Our question this morning is 'are all religions the same?' and we're looking at this because a lot of people in our world believe, or assume, that they are.  And that somehow that means that they don't need to take the claims of Christianity seriously.

Maybe you've come across conversation stoppers like this: 'you religious types are all the same – always trying to convert people to your point of view, but it's all nonsense' (what do you say to that?) or 'if your religion gives you a sense of belonging or a moral compass well that's nice for you, but don't try and push it on me, I've got my own beliefs' or 'in the end all religions boil down to a moral code, it's just a matter of picking one that suits you' or even 'I'm not really religious, but I take a bit from all religions, after all in the end they're all just different ways to the same thing'.

Or maybe you're not a Christian this morning and that's where you're coming from – a little bit of religion can't do any harm and it's nice to come to church and it seems to help a bit so why not?  And it doesn't really matter if it's a Christian church or a Mormon tabernacle or a Hindu temple or a pagan shrine or any other sort of religious building, they're all more or less the same in the end.

(many ways to answer this question – tried a very different type of answer in a sermon from Nov 2011, can find it on the website…)

There are many ways to answer this question).  Perhaps the most popular is to point to grace – in religion we do what we can to please God in some way or another, but in Christianity we admit that we can never do enough to please God and rely instead on God's grace – forgiveness through what Jesus has done for us. That's true and I think a very good answer, in fact I used it myself in a sermon on this topic in 2009 – you can probably find that on the website if you want to see how it plays out.  At the level of how religion affects us, or works on us, grace is the key difference between Christianity and all other religions.  And that is a massive difference.

But there is another answer that is often given in the Bible that is even more fundamental – an answer that looks not just at how a religion affects us, but at the level of reality.  It's an answer that I have to admit we're reluctant to give an airing.  Yet the Bible comes back to it again and again and again.  So this morning I'm going to give you another answer, an even more fundamental answer, the Bible's first answer.

Are all religions the same?  The Bible is emphatic that they are not – they are emphatically different at the most fundamental level – at the level of reality: the God of the Bible is real, and all other gods are imaginary.  That's not my answer, I'm much too timid to come up with that – that's what the bible says.

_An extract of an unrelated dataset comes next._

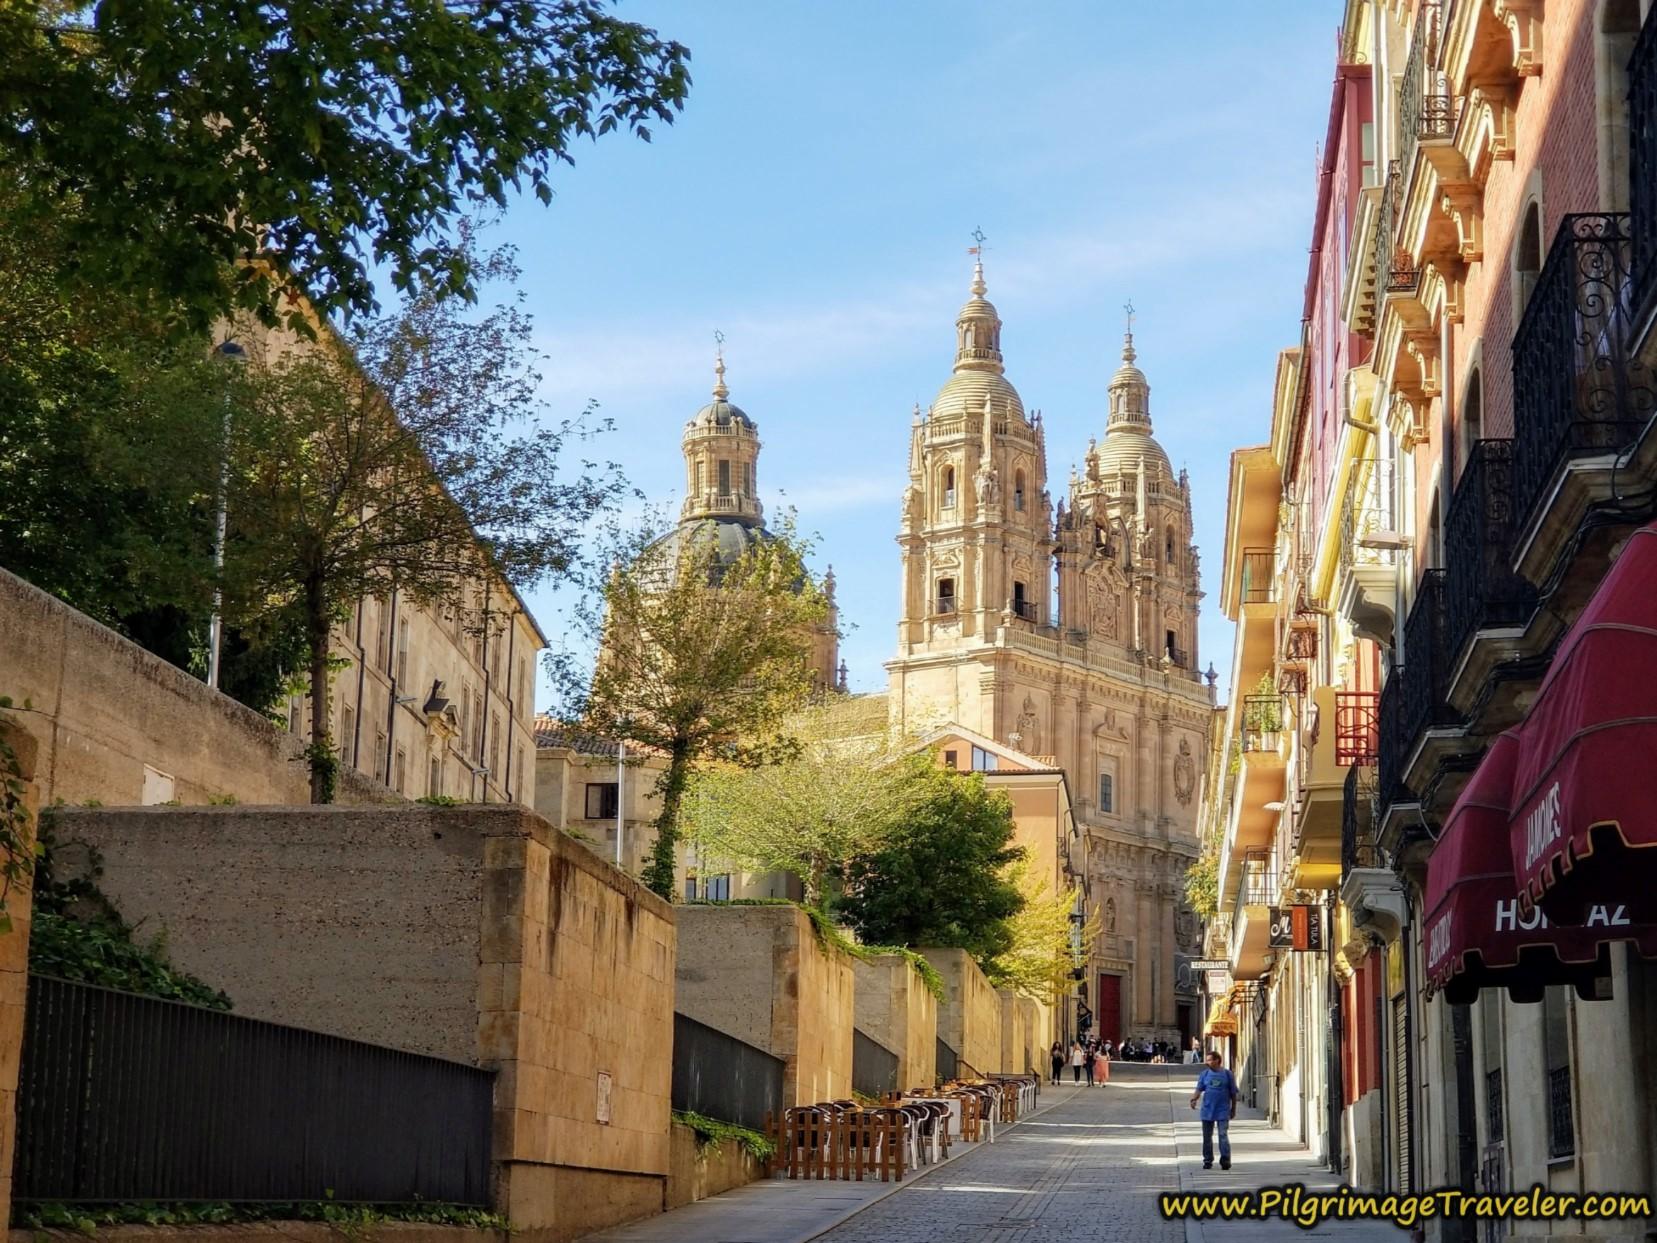 Calle Palominos, View of Iglesia de la Clerecía

Now I realise that if you're a believer in another religion you might be a bit upset by that.  More likely in our society people who are not religious at all will be upset on your behalf.  That's quite likely why we don't often go here first – we don't like upsetting people.

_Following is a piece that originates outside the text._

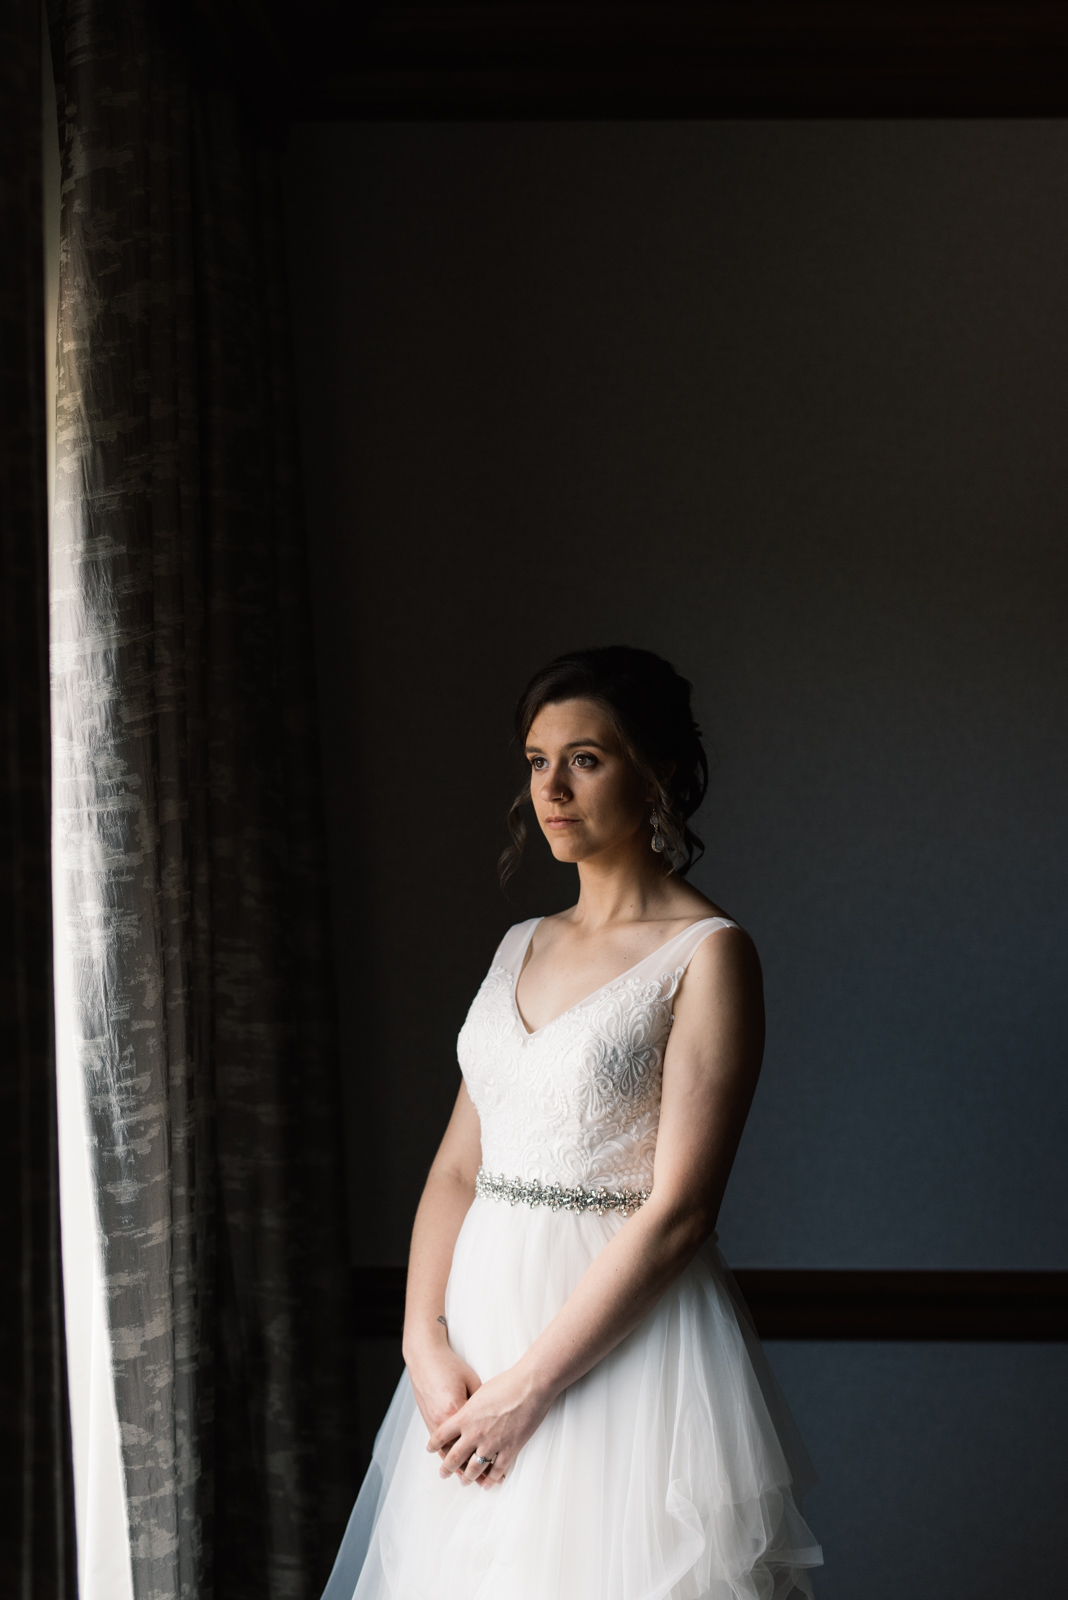 bride in window Coralville Iowa August Wedding

But this is too important a topic to censor ourselves, and the Bible is very clear on this point.  In fact the Bible says that God is actually quite precious about it.  So that's what we're going to look at this morning.

So are all religions the same - Bible says almost yes, almost all religions are the same – false; but one religion is real.  The Bible was written in a context that was just as diverse religiously as we are, with much harsher penalties for making claims like this.  But still it is repeated again and again – there are many who claim to be gods, but only one creator God, only one God who is real, who speaks and acts.

So this morning want to focus your attention on the argument of the scriptures, we'll be working from that OT passage in Isaiah 45, so you might like to turn to that now – page 514.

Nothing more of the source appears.